_TASK GOAL_. Pictures aside, print all of the data below exactly as written.
Start of DATA SECTION
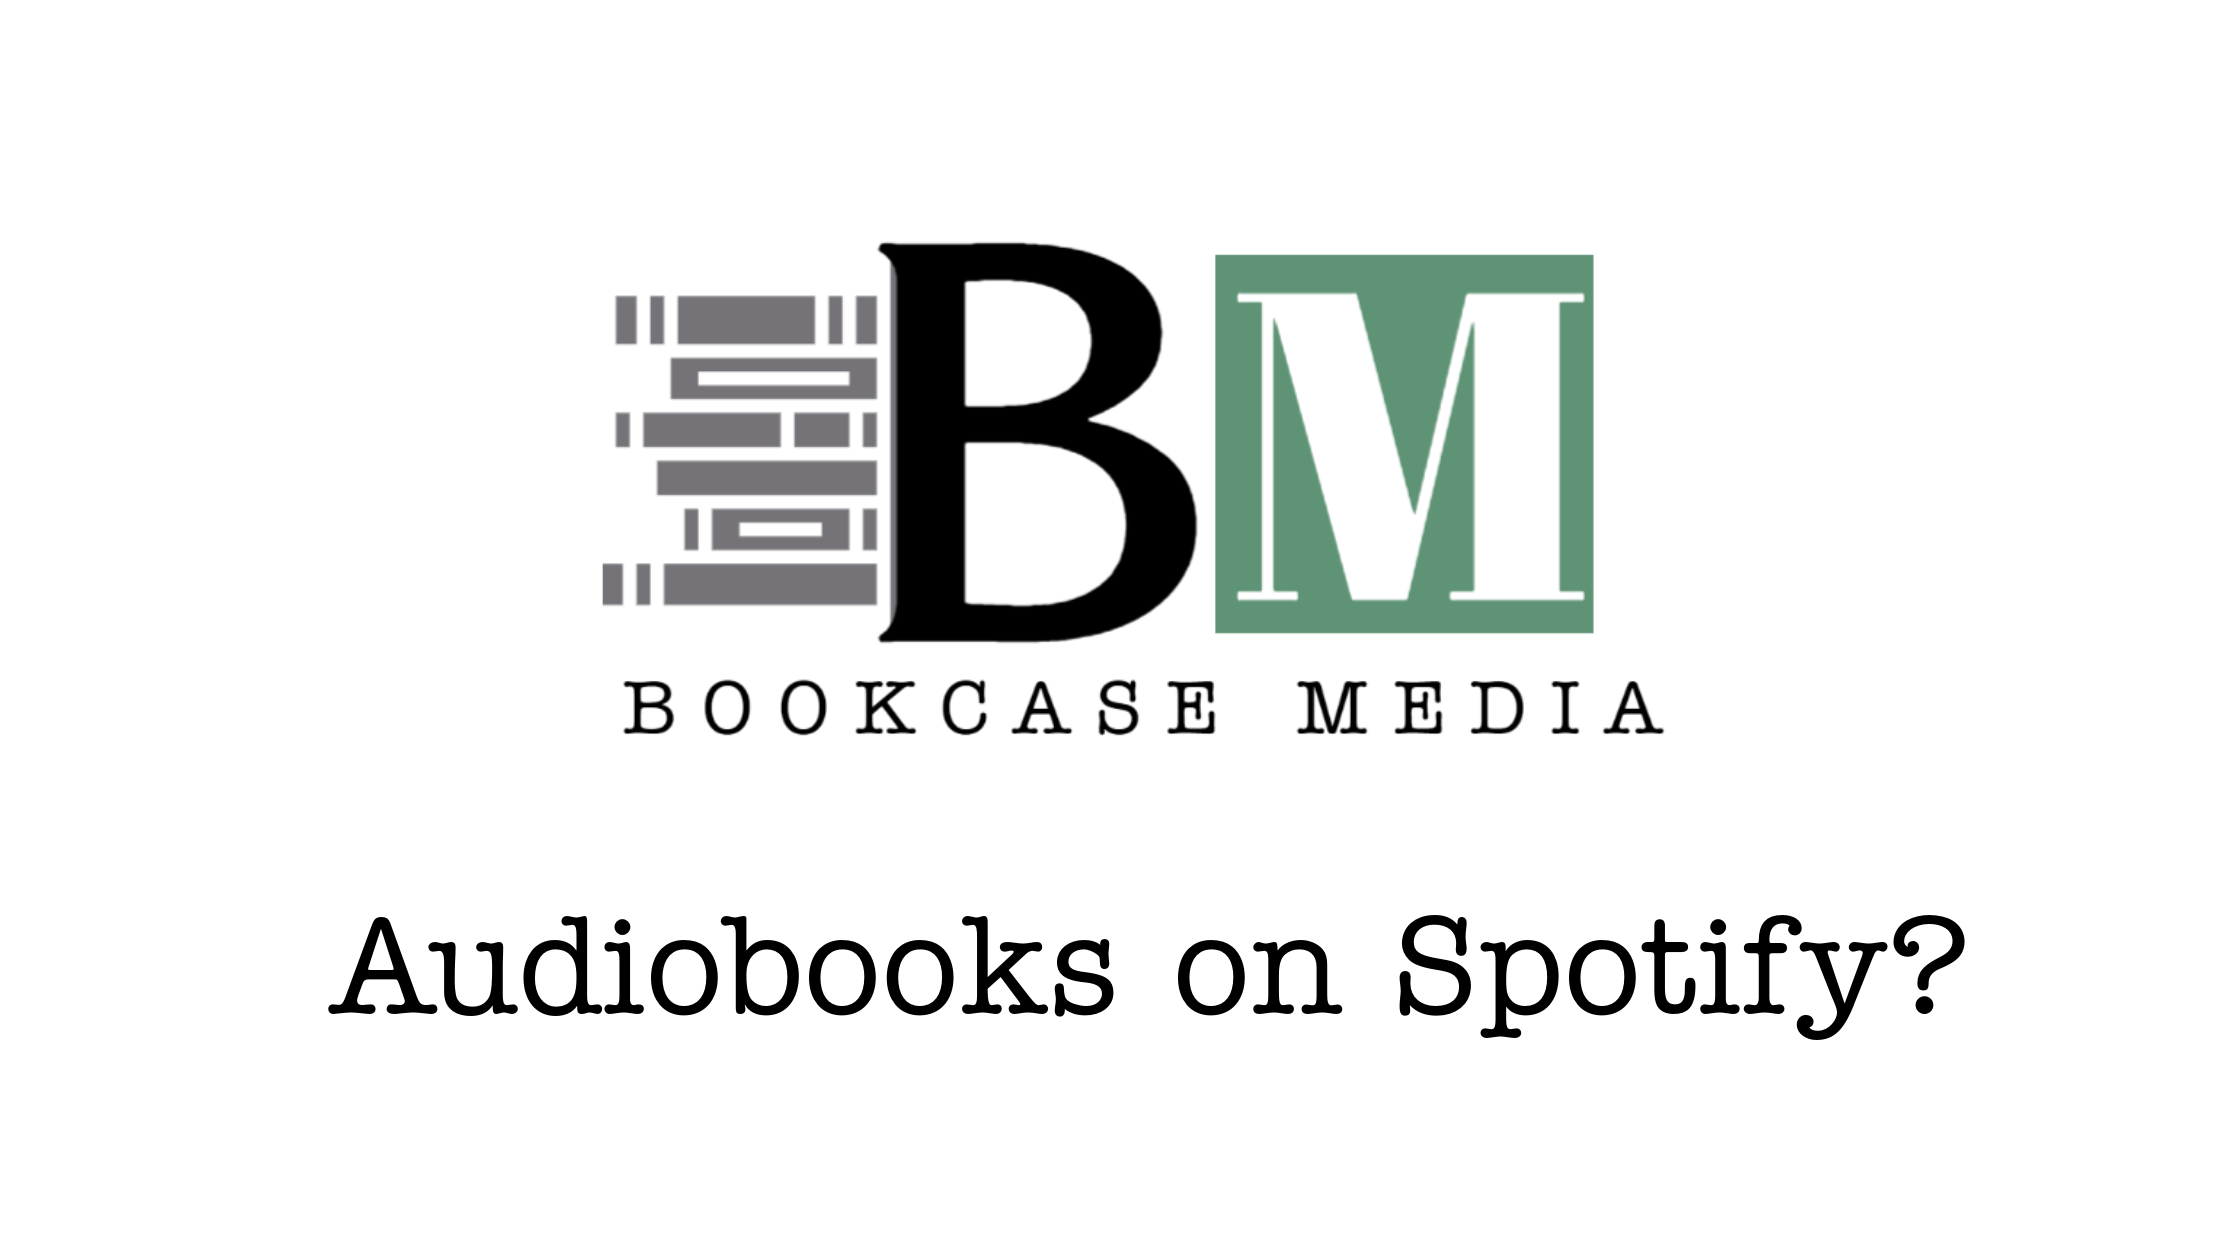 Do you have Audiobooks on Spotify?
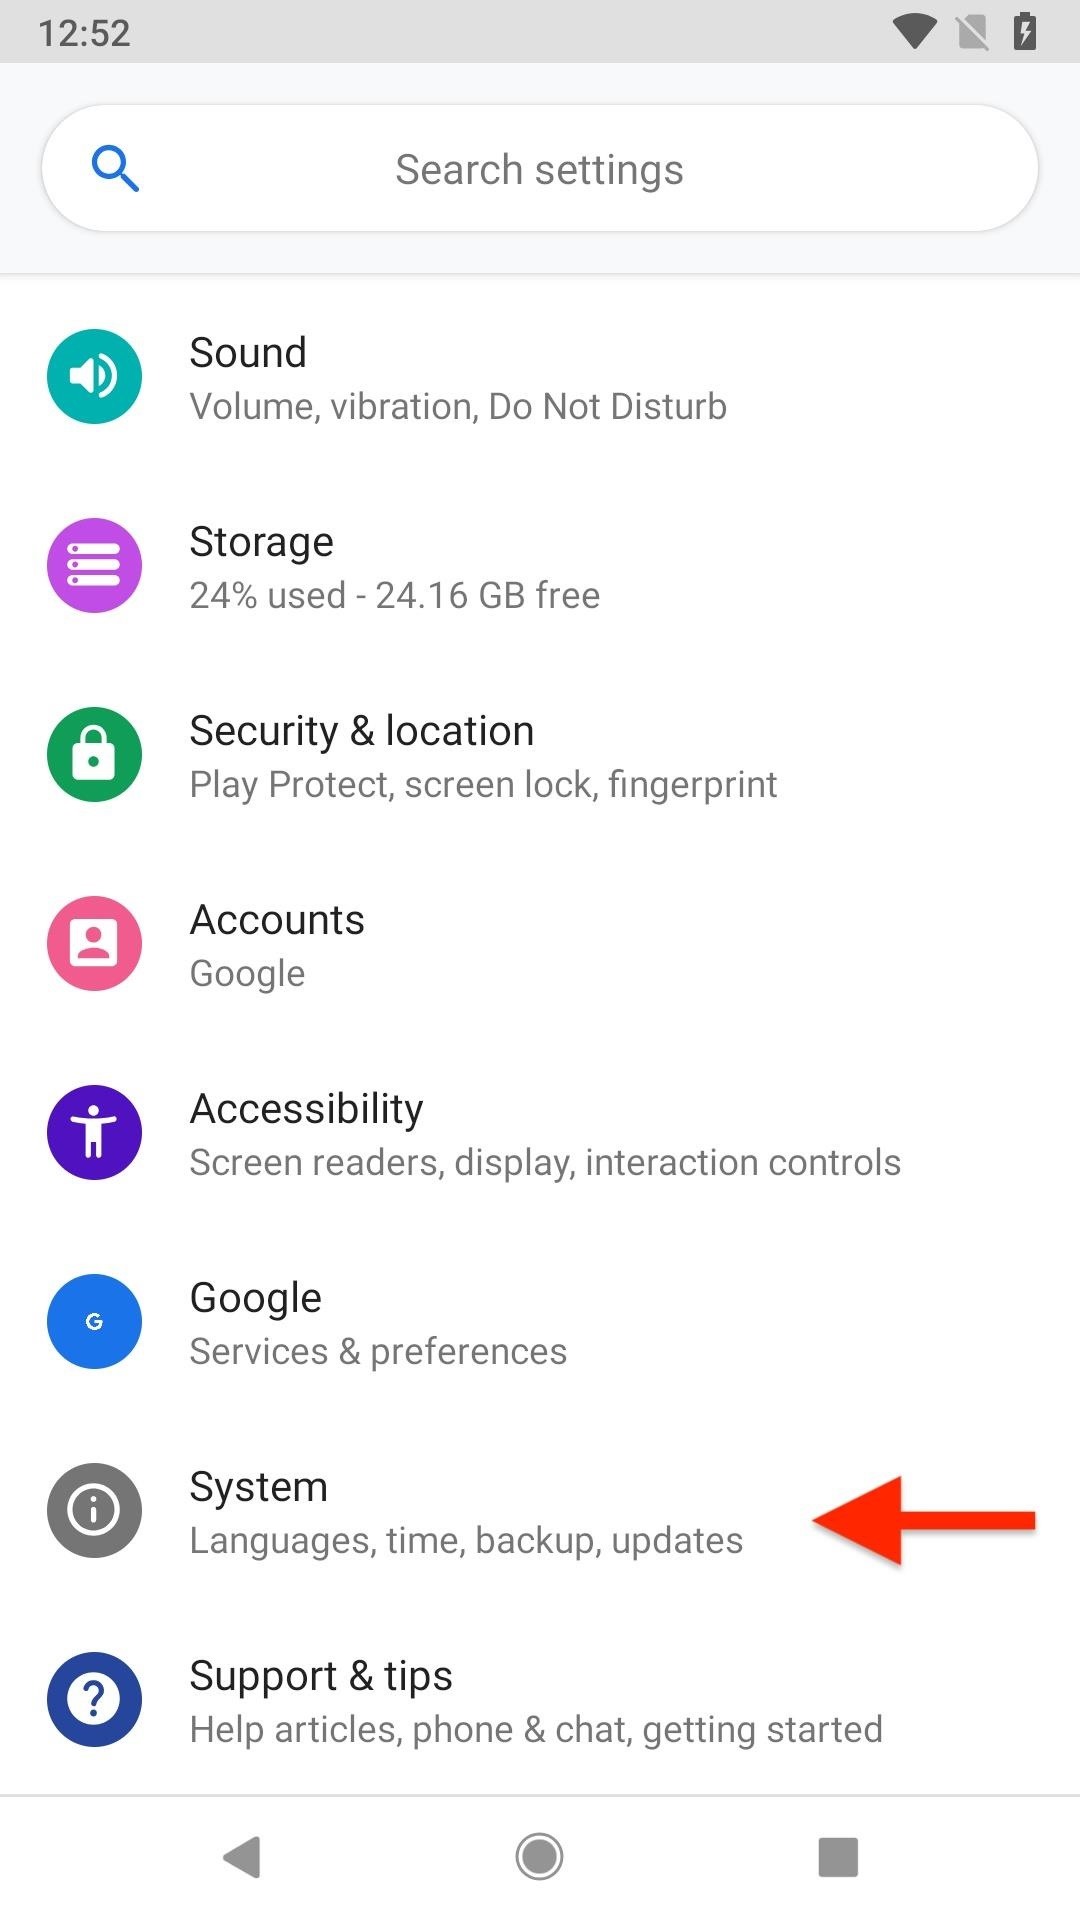 How to Unlock Developer Options on Your Pixel in Android 9.0 Pie
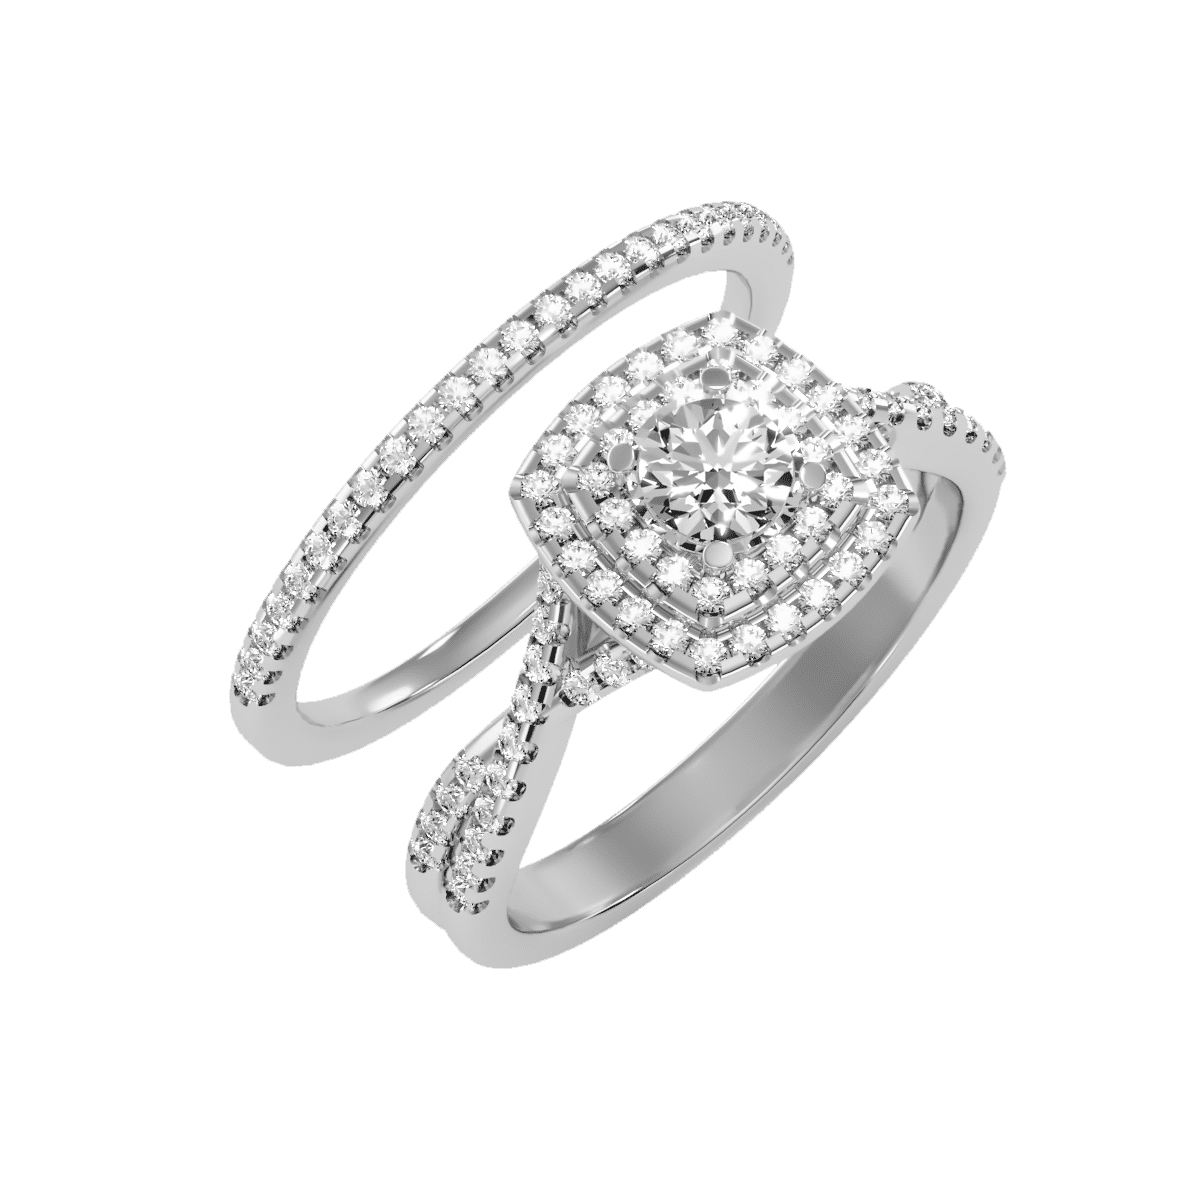 Double Square Halo Engagement Ring With Dainty Wedding Band
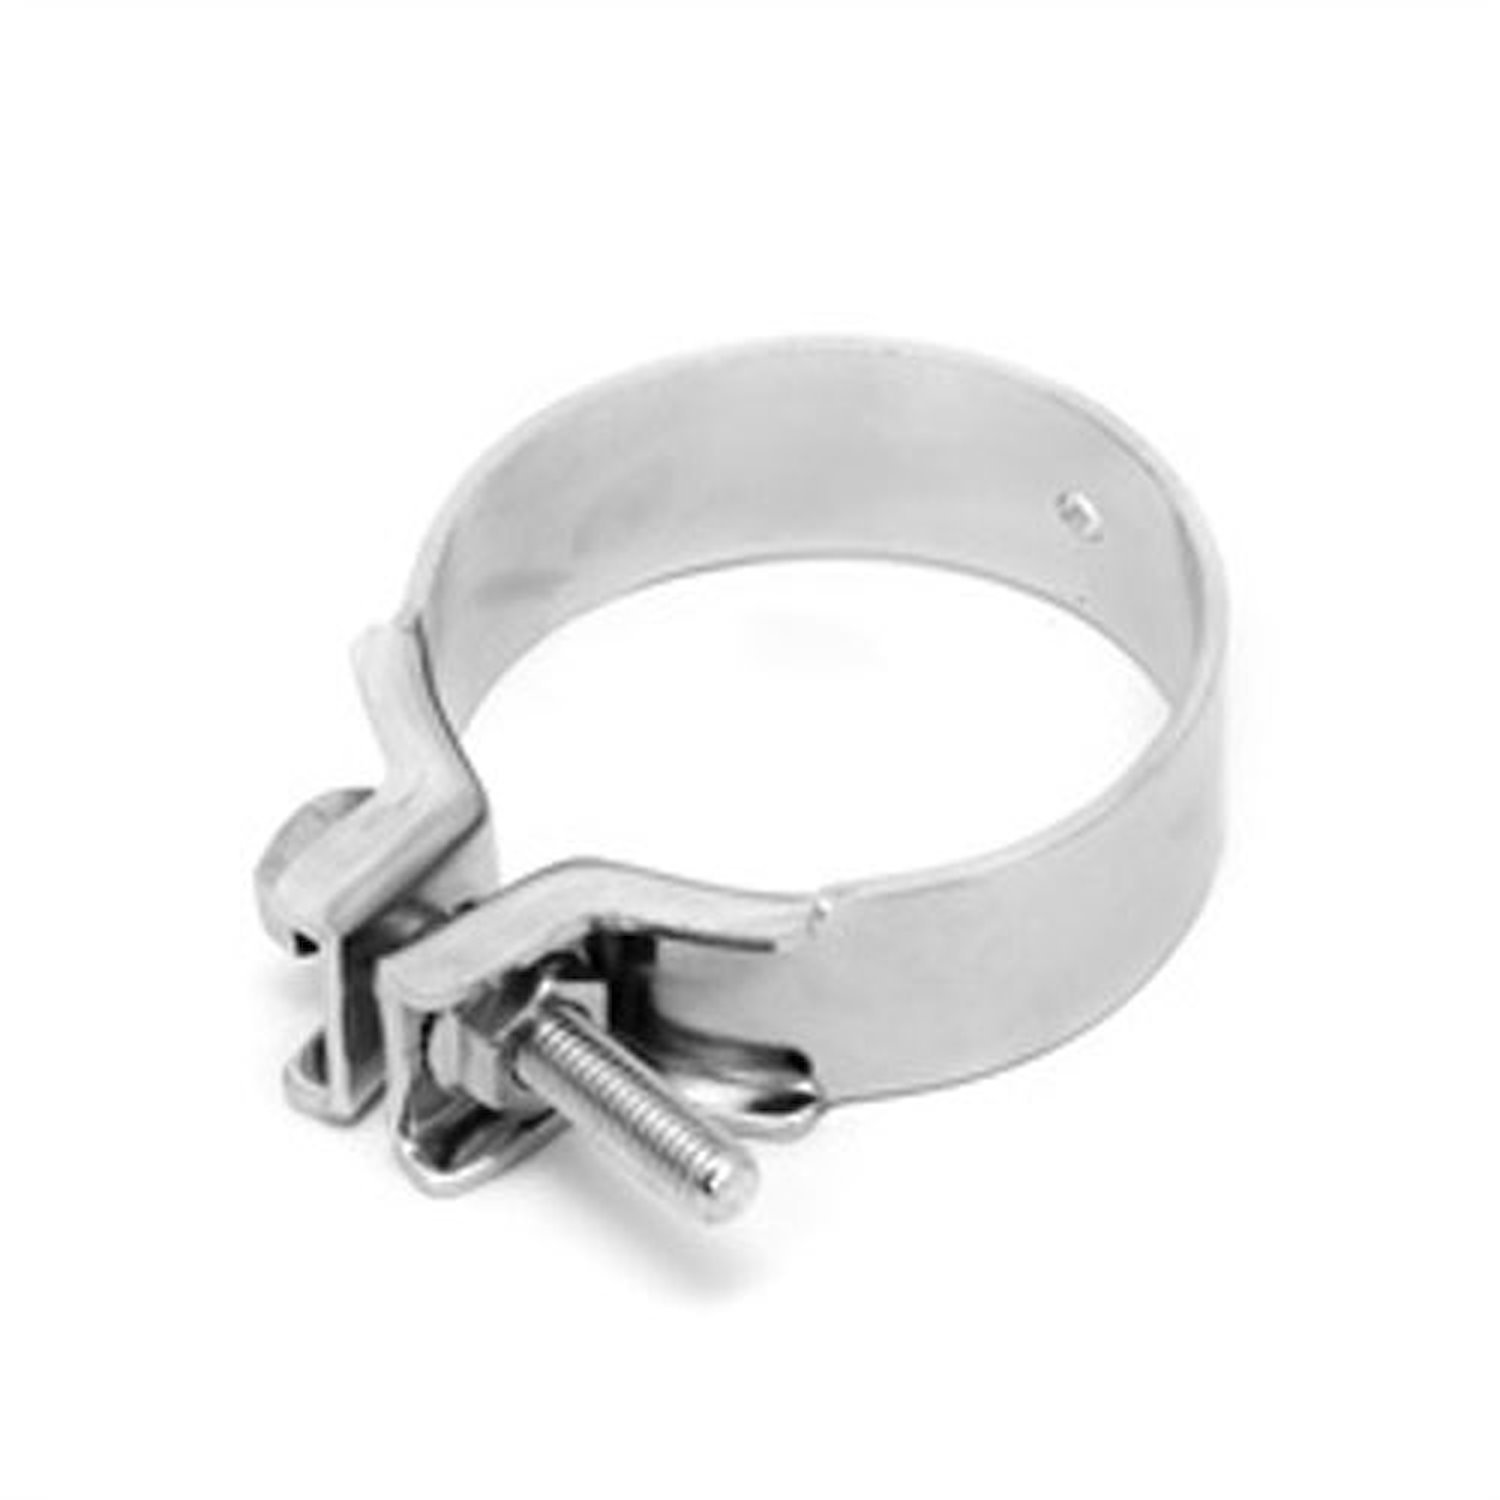 Exhaust Clamp 2-3/4 Inch Band Style Stainless Steel Universal Application
End of DATA SECTION
_THE COMPLETED TASK_.
 Do you have Audiobooks on Spotify?
 How to Unlock Developer Options on Your Pixel in Android 9.0 Pie
 Double Square Halo Engagement Ring With Dainty Wedding Band
 Exhaust Clamp 2-3/4 Inch Band Style Stainless Steel Universal Application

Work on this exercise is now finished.